Cait nestles closer. “No, I’m cold.”
“No,” Vi says, slowly. “You’re really warm.” She pulls back a little, trying to get a glimpse of Cait’s face. Her cheeks are flushed. “Were you feeling sick before you came to see me?”
“No, I…”
Was I? She’d been restless and anxious for days. There’d been a lot of crying, not a lot of sleeping, she can’t remember the last time she had a proper meal, but… She guesses, now, that she has been feeling kind of off, but she’d put all of that down to a poor sleep schedule and lack of sunlight. “I don’t think so,” she lied.

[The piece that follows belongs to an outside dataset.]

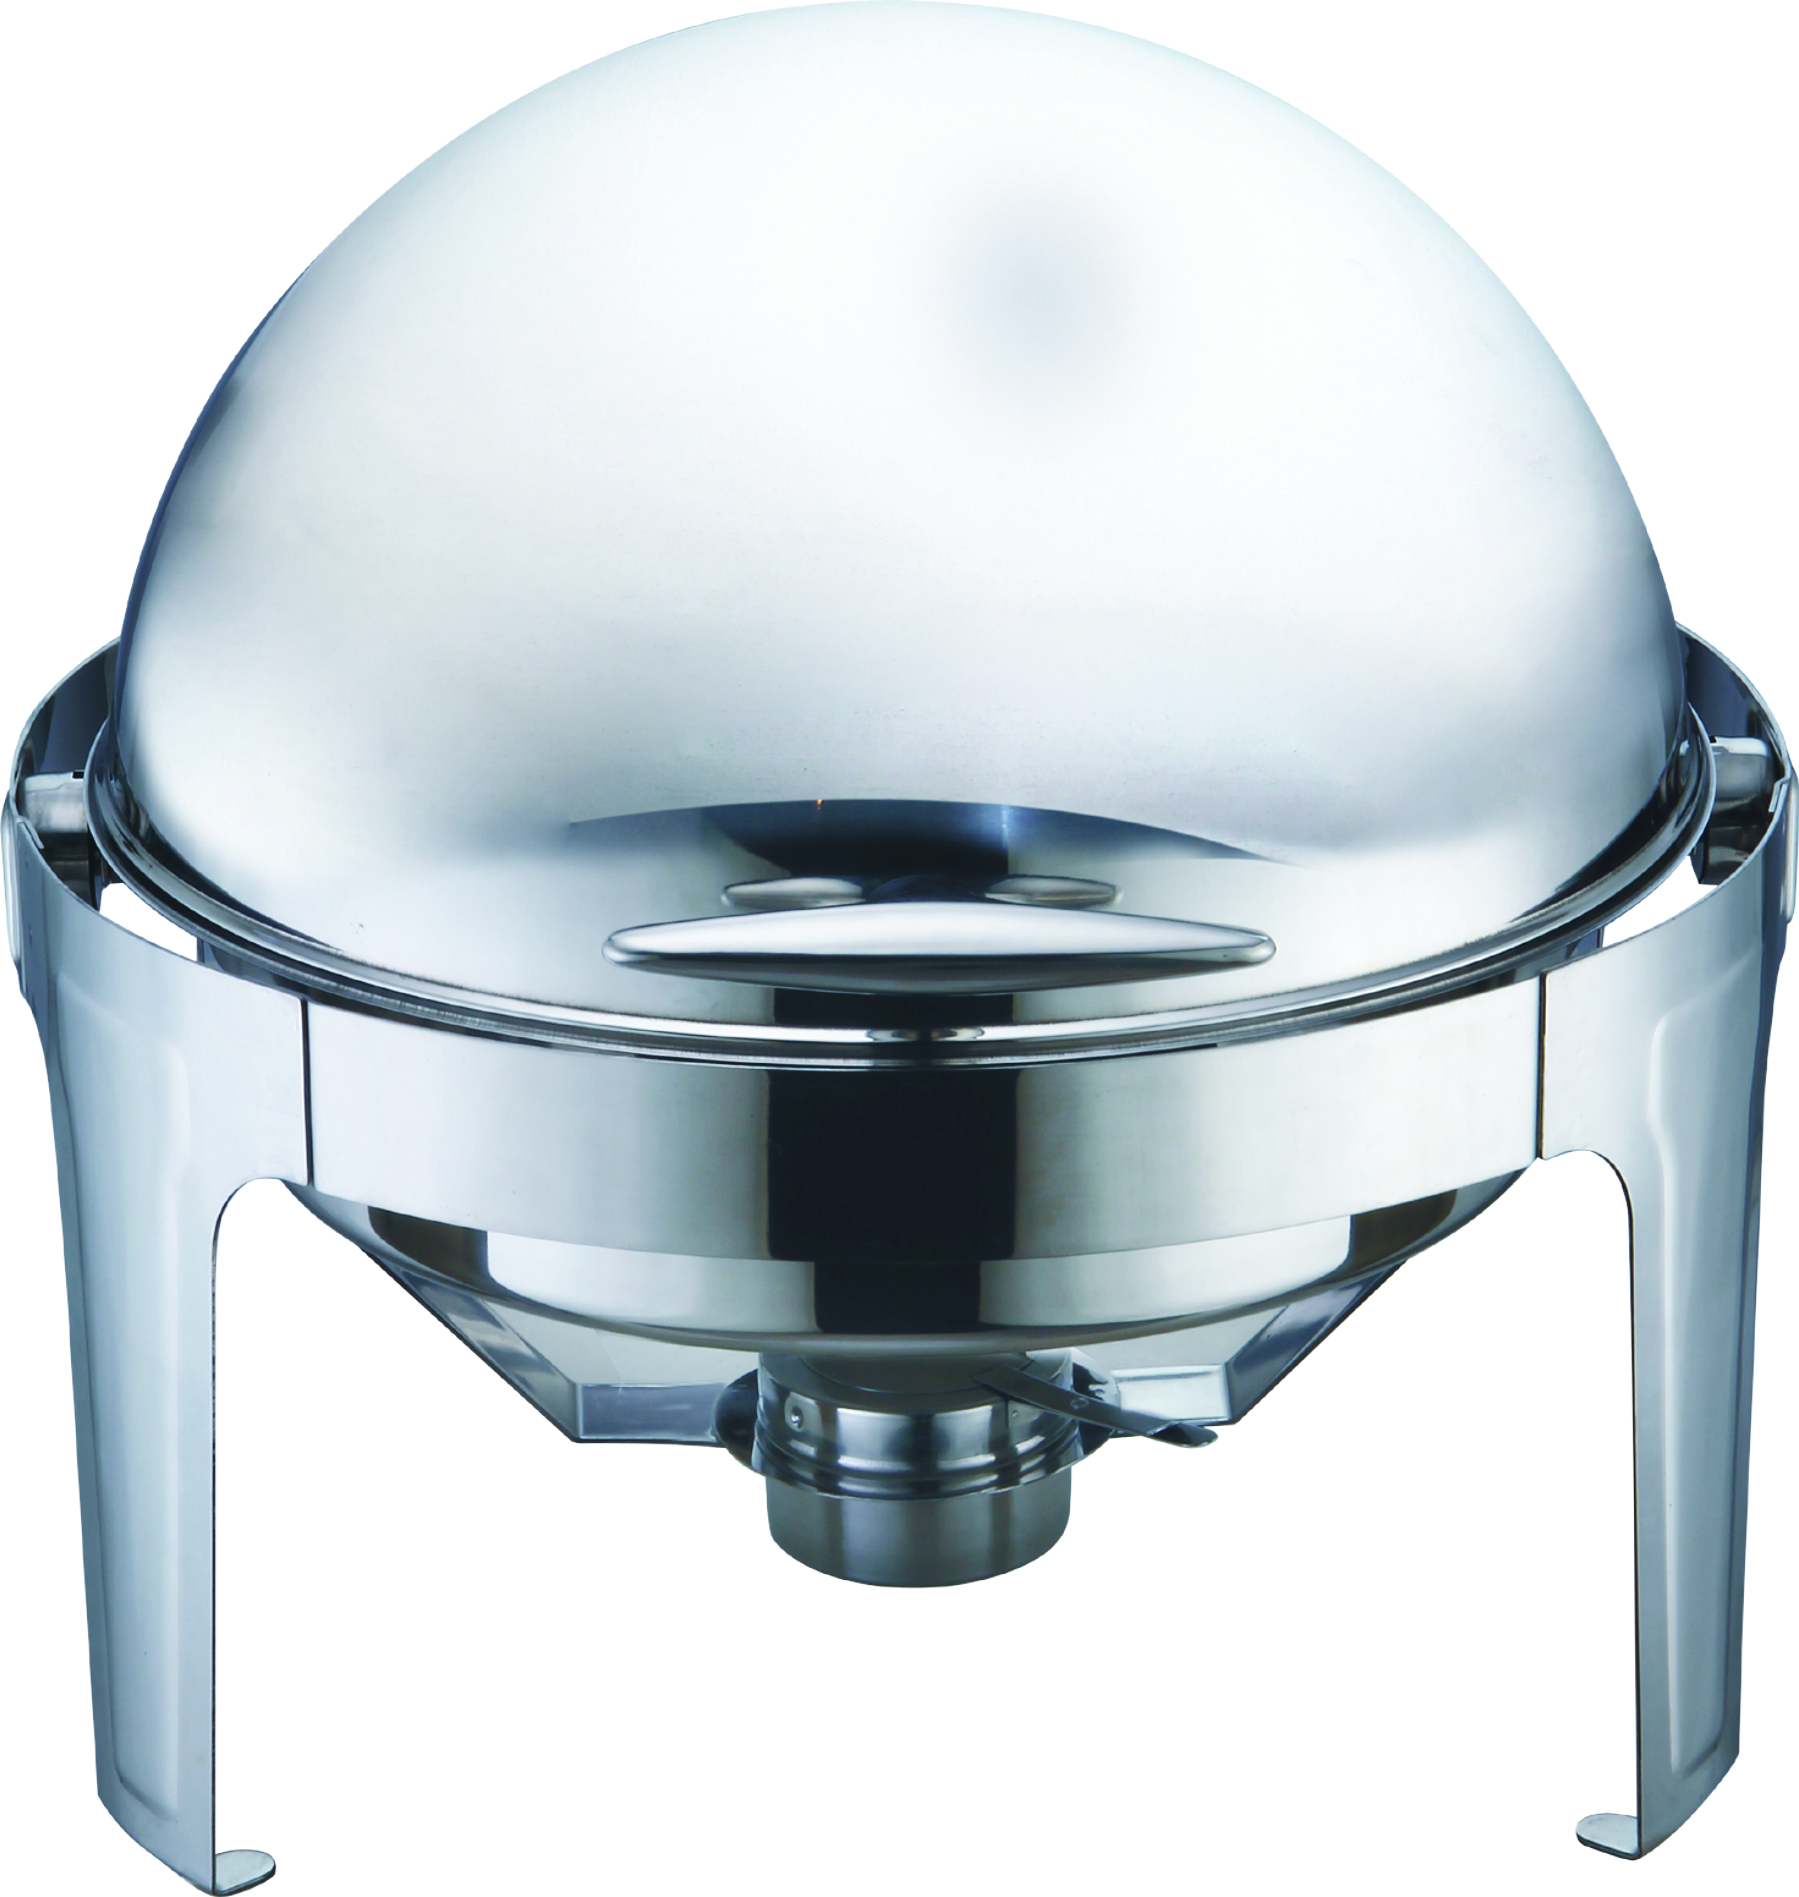 GRT-721KD Stainless Steel Stackbale Round Chafing Dish 6L

She doesn’t look up from where she was buried, with her cheek pressed against the soft skin of Vi’s neck, but she could feel her girlfriend tense. “Cait.”
Cait sighs. “I don’t know.”
Vi hums. “I do.” She shifts in the bed. “Give me a second, I need to go and do something.”
“No.” Cait tightens her grip on Vi’s jumper. “Stay. Please.”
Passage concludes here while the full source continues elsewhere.